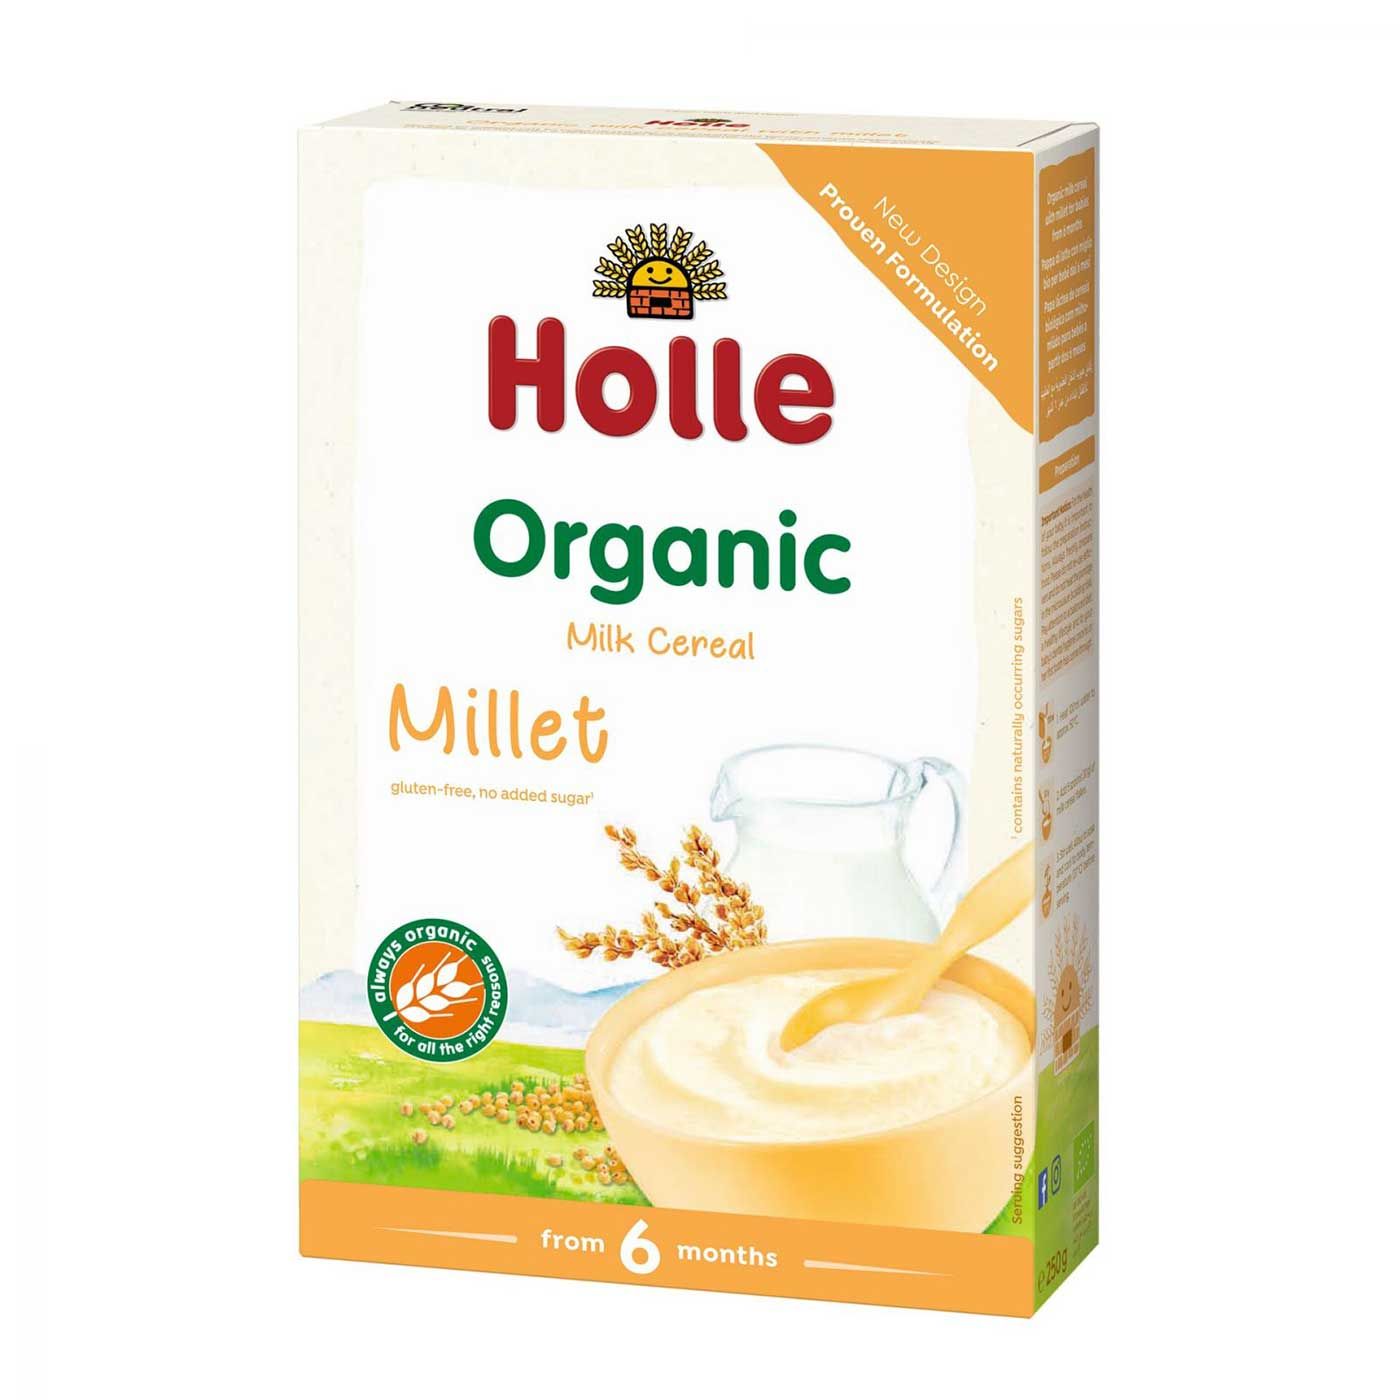 Holle Organic Milk Cereal with Millet 250g - 3
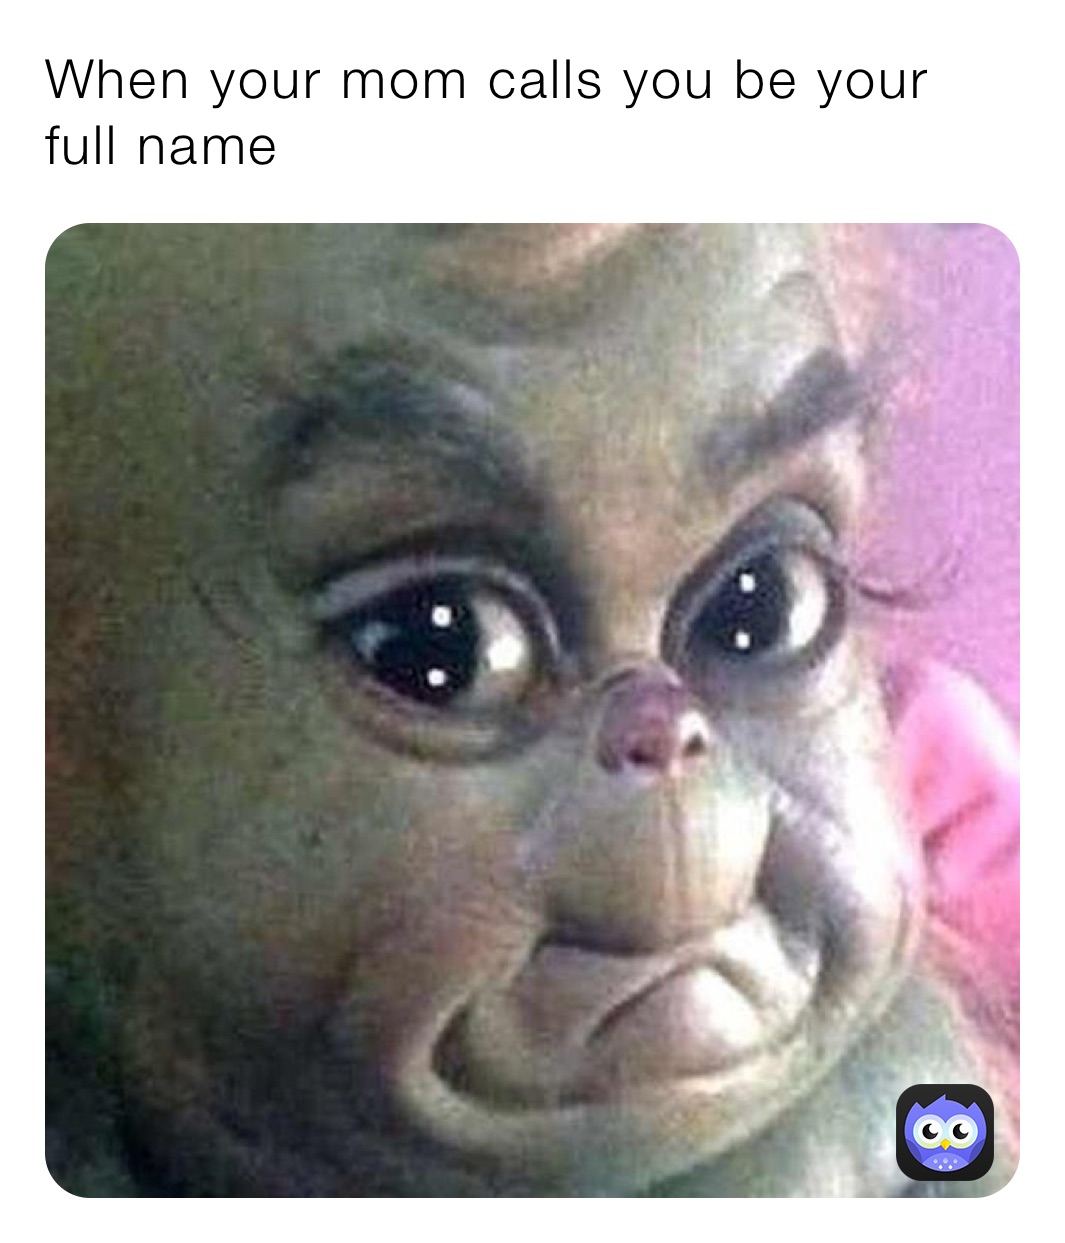 When your mom calls you be your full name
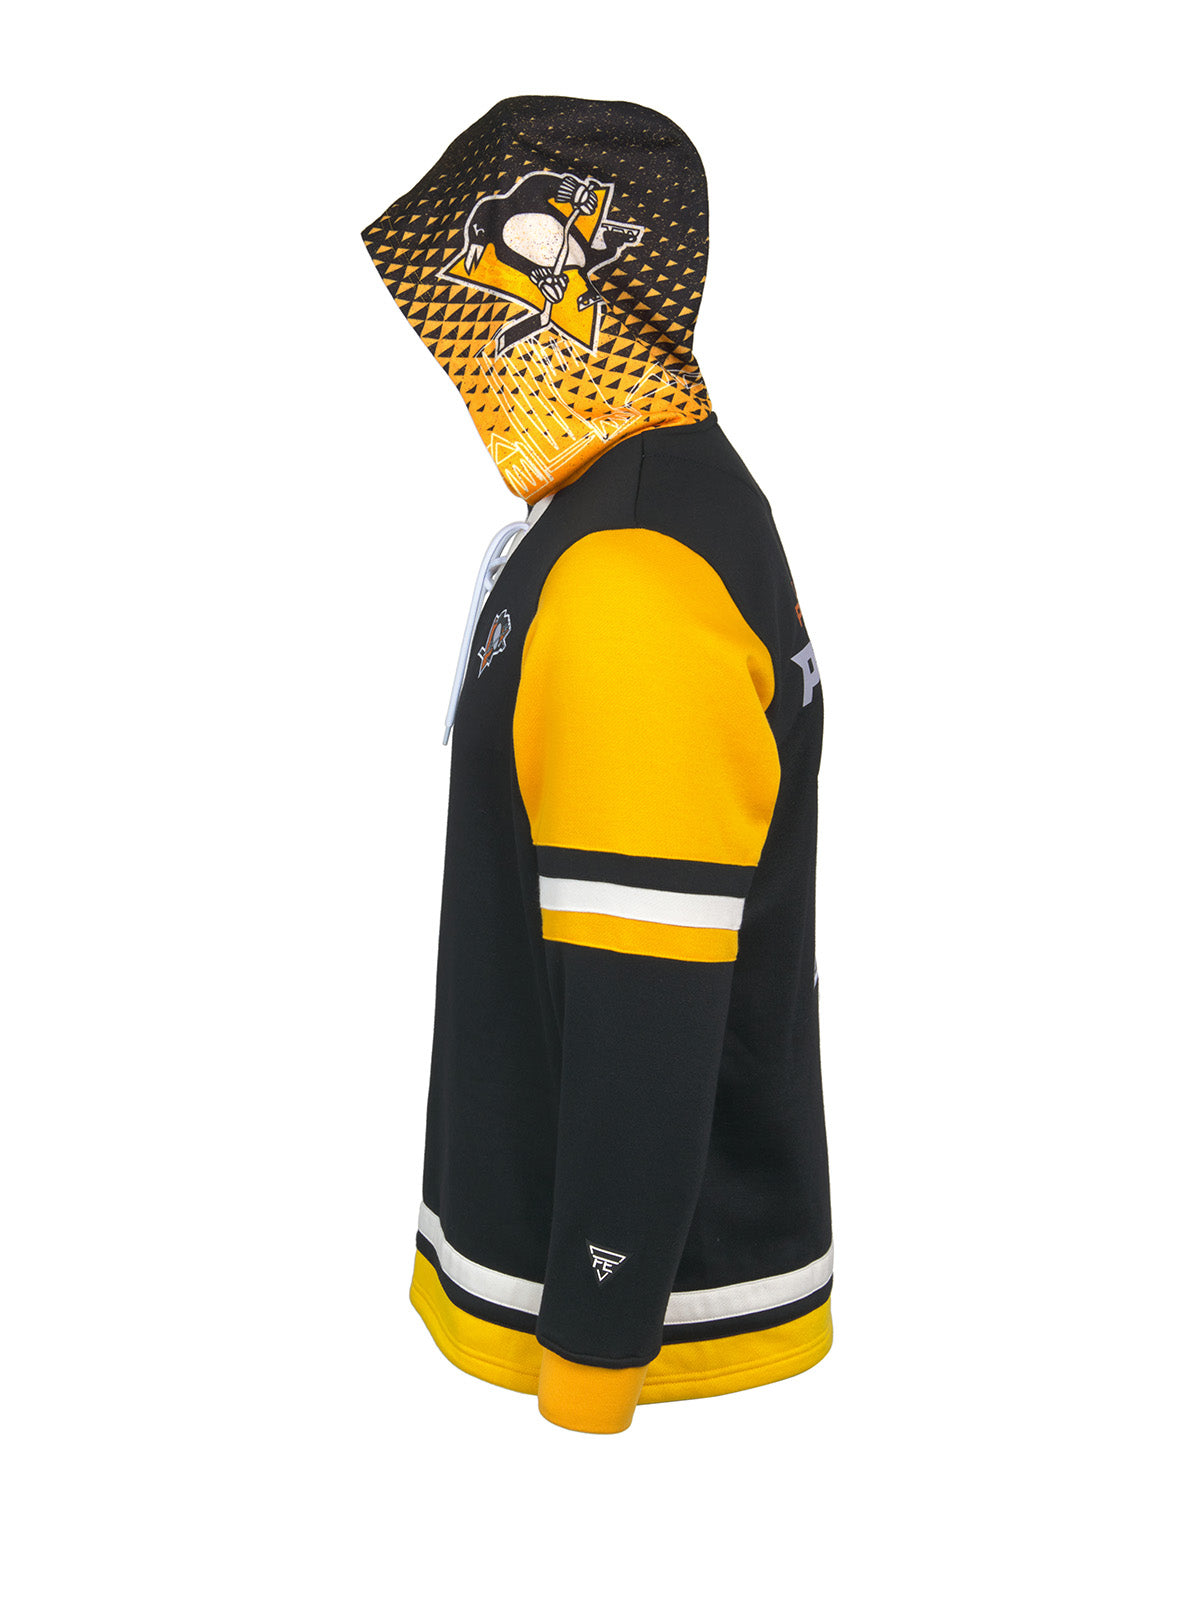 Pittsburgh Penguins Lace-Up Hoodie
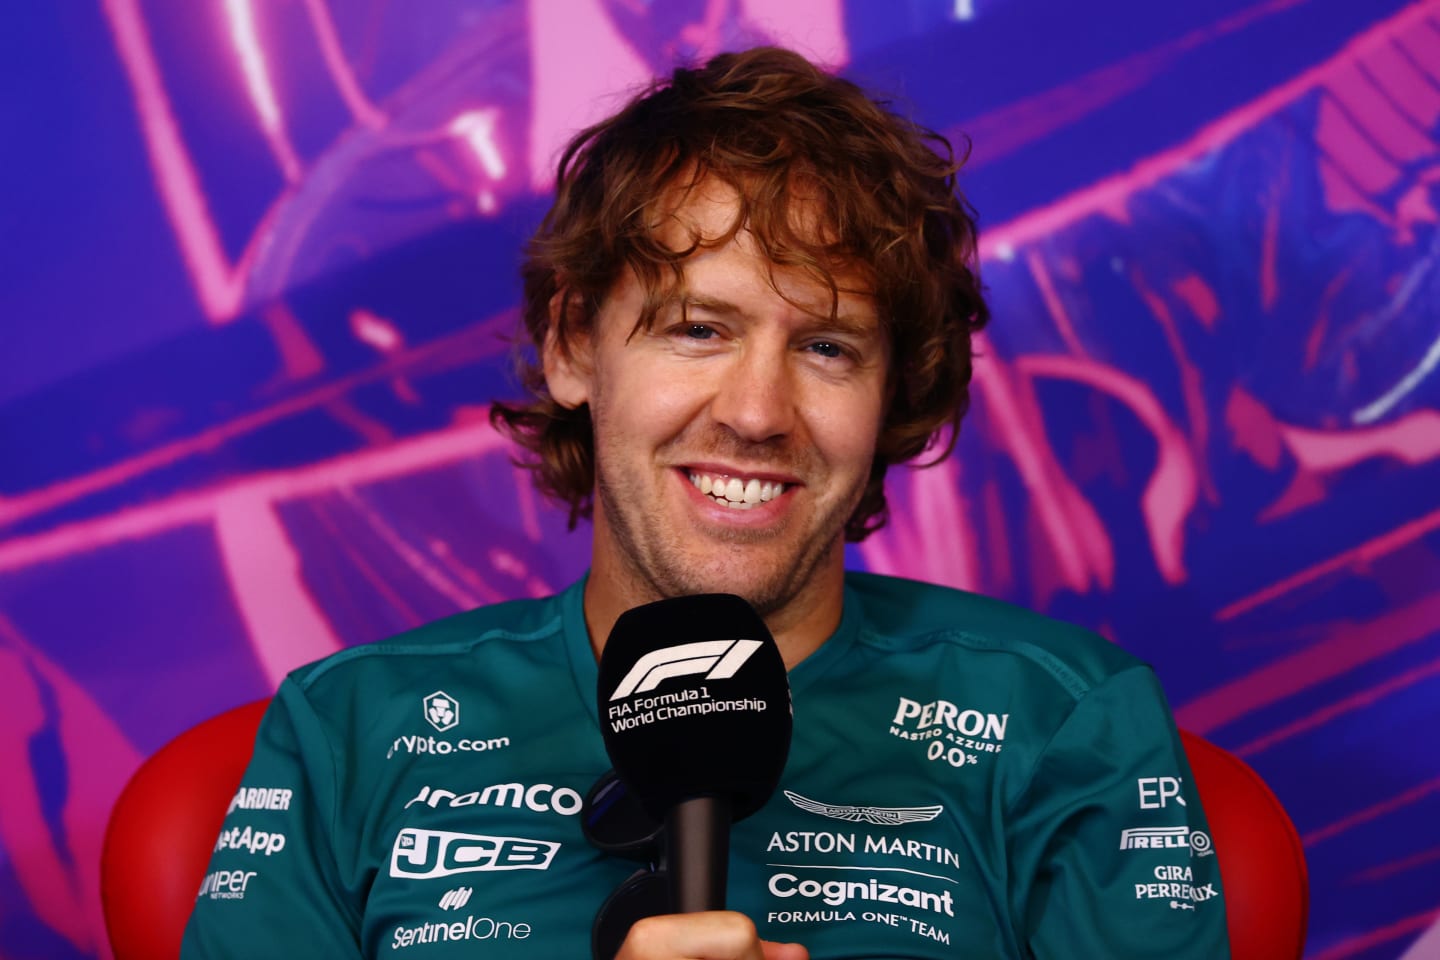 MONTREAL, QUEBEC - JUNE 17: Sebastian Vettel of Germany and Aston Martin F1 Team talks in the Drivers Press Conference prior to practice ahead of the F1 Grand Prix of Canada at Circuit Gilles Villeneuve on June 17, 2022 in Montreal, Quebec. (Photo by Dan Istitene/Getty Images)
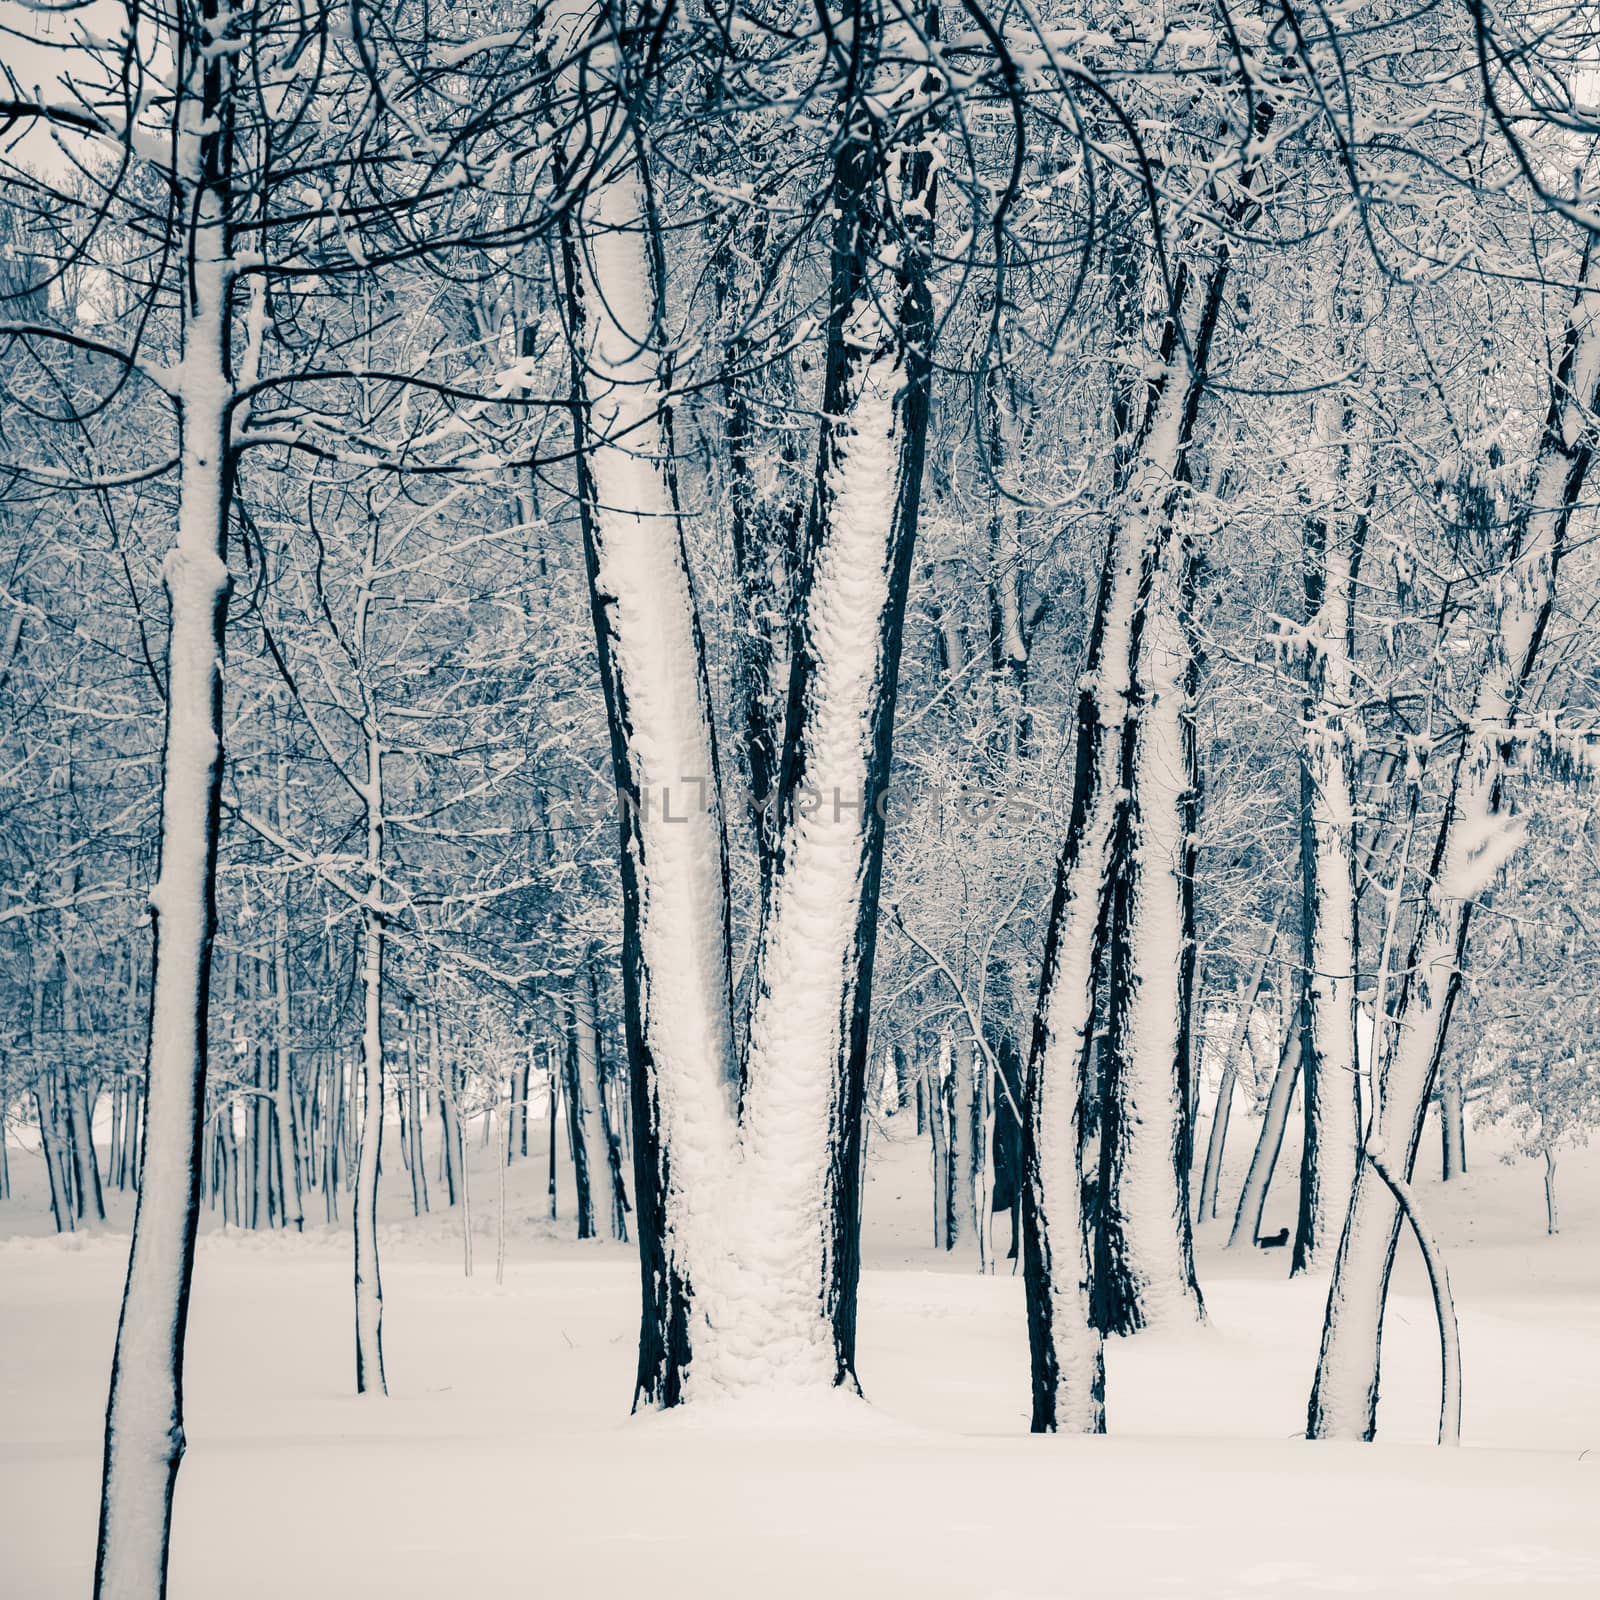 Trees in the Natalka park, close to the Dnieper river in Kiev, Ukraine. One side of the trees is covered by snow, while the other part stays untouched
________
▸ EXERCISE DETAILS: Extract the lines beginning with the one that contains "When your mom calls you be your full name" and ending with the last line of the listing. Keep them exact and drop the pictures.

▸ ANSWER TO THIS TASK:
 When your mom calls you be your full name
 Pittsburgh Penguins Lace-Up Hoodie
 MONTREAL, QUEBEC - JUNE 17: Sebastian Vettel of Germany and Aston Martin F1 Team talks in the Drivers Press Conference prior to practice ahead of the F1 Grand Prix of Canada at Circuit Gilles Villeneuve on June 17, 2022 in Montreal, Quebec. (Photo by Dan Istitene/Getty Images)
 Trees in the Natalka park, close to the Dnieper river in Kiev, Ukraine. One side of the trees is covered by snow, while the other part stays untouched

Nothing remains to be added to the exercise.